Corollary: Don't assume your data is correct, most outliers ina large data set are problems with the data itself. Build a few columns that serve as sanity checks. One good example is a column that shows the distance between this sequence number and the last, anything >1 is a dropped message.

Great list. Only thing I'd add is lean towards clever and often simple architecture when modelling a solution, it often will beat clever programming..

Addition to Performance/2.: Synchronization costs are typically the biggest deal in applications that involve I/O (e.g. hard drive or network). Try an average database transaction with and without synchronization. 1) On sqlite3, it's dozens vs hundreds of milliseconds. Bigger databases, probably not much difference. 2) Lookup NFS sync issues. It's a huge speed/safety tradeoff. 3) On some file systems, a debian installation may take 10 minutes or 90 minutes depending on whether you disabled sync (eatmydata command).

This is a great comment! If you have a blog could you make it a blog post? It deserves to be read more widely.

I've been tempted to start a blog...I've gotten a few requests on HN...but I'm still in the "rather be a programmer than a web celebrity" phase. I'm afraid it'll be too much of a distraction from my projects. Plus, I usually write better in response to a prompt than coming up with content in a vacuum.

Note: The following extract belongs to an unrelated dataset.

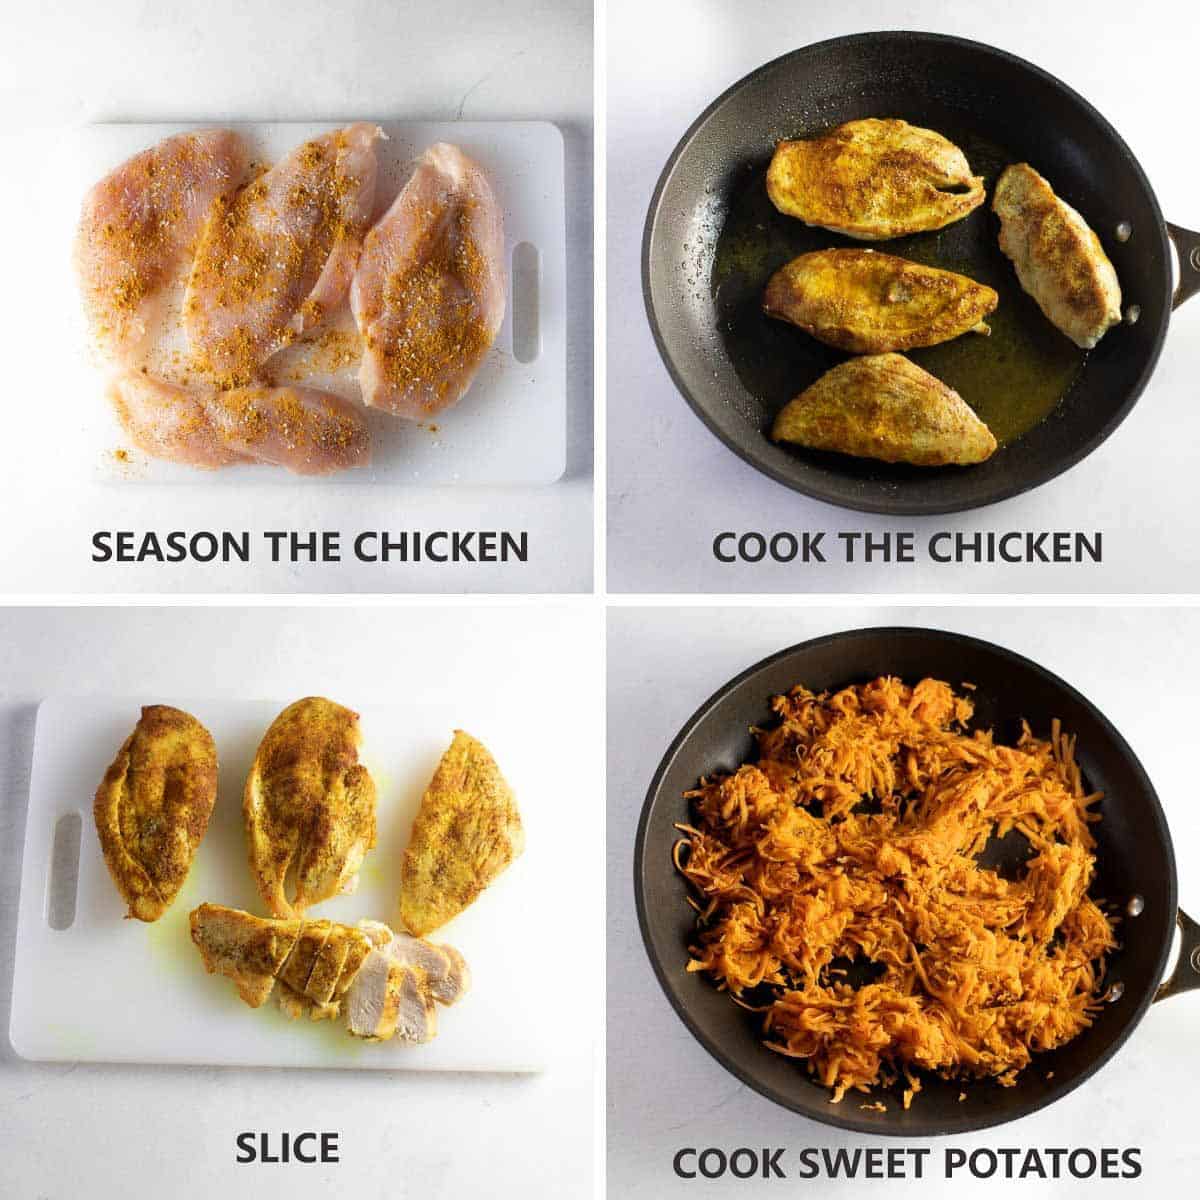 how to cook the chicken and sweet potato for the salad

You could perhaps consider turning a such 'response to a prompt' into a full-blown post on whatever easy-to-use blogging system (Medium, wordpress.com, hell even pastebin or its ilk?), and linking to it alongside a comment.On HN, I often check specific commenters activity, or new comments in a thread that can be days-old, because I often find hidden gems. A link to more elaboration would definitely count as such. Perhaps an audience of even just a dozen or so people like me might be worth it.
EDIT: Coincidentally (I swear), there's exactly a dozen of comments that positively engage with your comment!

Could you put a link back to the original source in the doc? That way you capture the comments & discussion, which has a bunch of useful clarifications.

Point #5 about unit tests is so true, wish i knew it before jumping on the bandwagon. I wasted so much time writing tdd code only to learn later that the specs had changed. This can save you an insane amount of pain and time.

I hate printers. I haven't used one in months. However, I just printed this comment and I'm hanging it up in my office. Perfect.

You're a genius! How long have you been into the developing world, if I may ask?

12 years, plus college, a gap year, and a couple internships & projects in high school.It's helped that it's really been 12 (well, 13+change) years of experience, rather than one year repeated 12 times. Each year has brought something new and different that's just out of my comfort zone.